For comparison, commercial PVDF flat membrane was also tested under the same conditions. The results indicate that the piperazine amine attacks the PVDF fiber at the elevated temperature with or without the potassium carbonate. Potassium carbonate also adds some degree of coloration to the PVDF fibre at elevated temperatures. At room temperature, the PVDF fibre survived. Another observation was that PVDF fibre started changing color at the part which opens to air. Oxygen from air has been considered to cause the PVDF fibre to change the color. Therefore, another test was conducted by bubble the soaking solution with nitrogen to remove oxygen, then soaking the fibre in an oxygen free solution. The results still show that piperazine attacks the PVDF fibre. The commercial PVDF flat membranes also show some coloured spots at elevated temperature. Based on these tests, it seems feasible for using potassium carbonate solution (2M) and PVDF fiber absorbing at room temperature.

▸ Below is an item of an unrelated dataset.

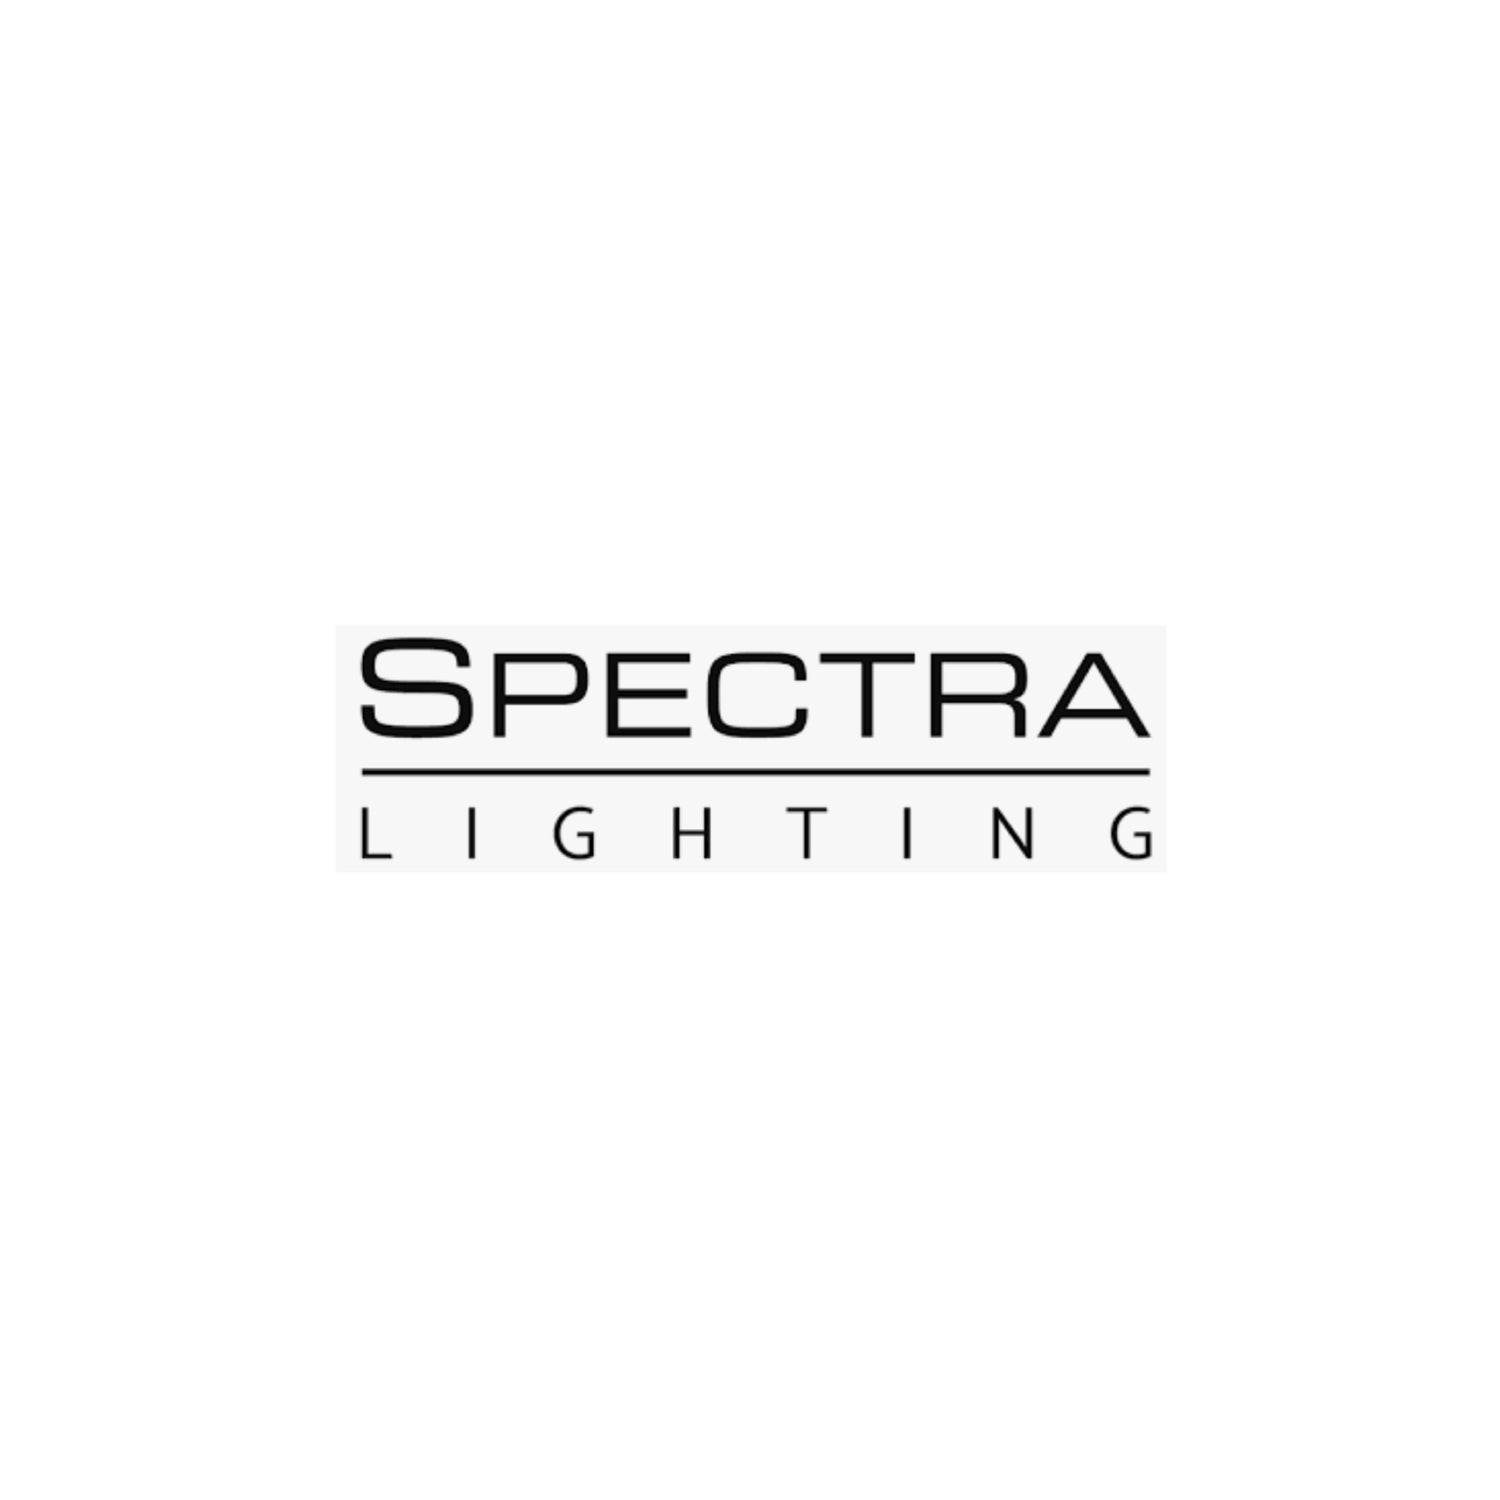 SPECTRA LIGHTING INC.

Stability Tests of Polysulphone Fibre

There is no confirmed information about the stability of polysulfone fiber in potassium carbonate based solutions. The stability tests were also conducted by soaking the polysulfone fiber in four different absorbing solutions in glass vials at room temperatures and at elevated temperatures. Visual observations were recorded at different times.

Results are given in Table 2. The note “OK” in the table refers to: no visible color change, no opacity change of the soaked fiber.

TABLE 2
The stability of the polysulphone fiber
in Potassium carbonate solutions.
		After 24	After 96	After 336	After 432
Solution	Temperature	hours	hours	hours	hours
2 M K2CO3	Room temp.	OK	OK	OK	OK
2 M K2CO3	Room temp	OK	OK	OK	OK
& O.3 M PZ
2 M K2CO3	50° C.	OK	OK	OK	OK
2 M K2CO3	50° C.	OK	OK	OK	OK
& O.3 M PZ

In general, the color change normally indicates some chemical reaction occurred on the polymer surface. The opacity change is the indication of the wet-ability change. The summary from this test is that polysulfone fiber does not change significantly in a potassium-based solution at room temperature and 50° C.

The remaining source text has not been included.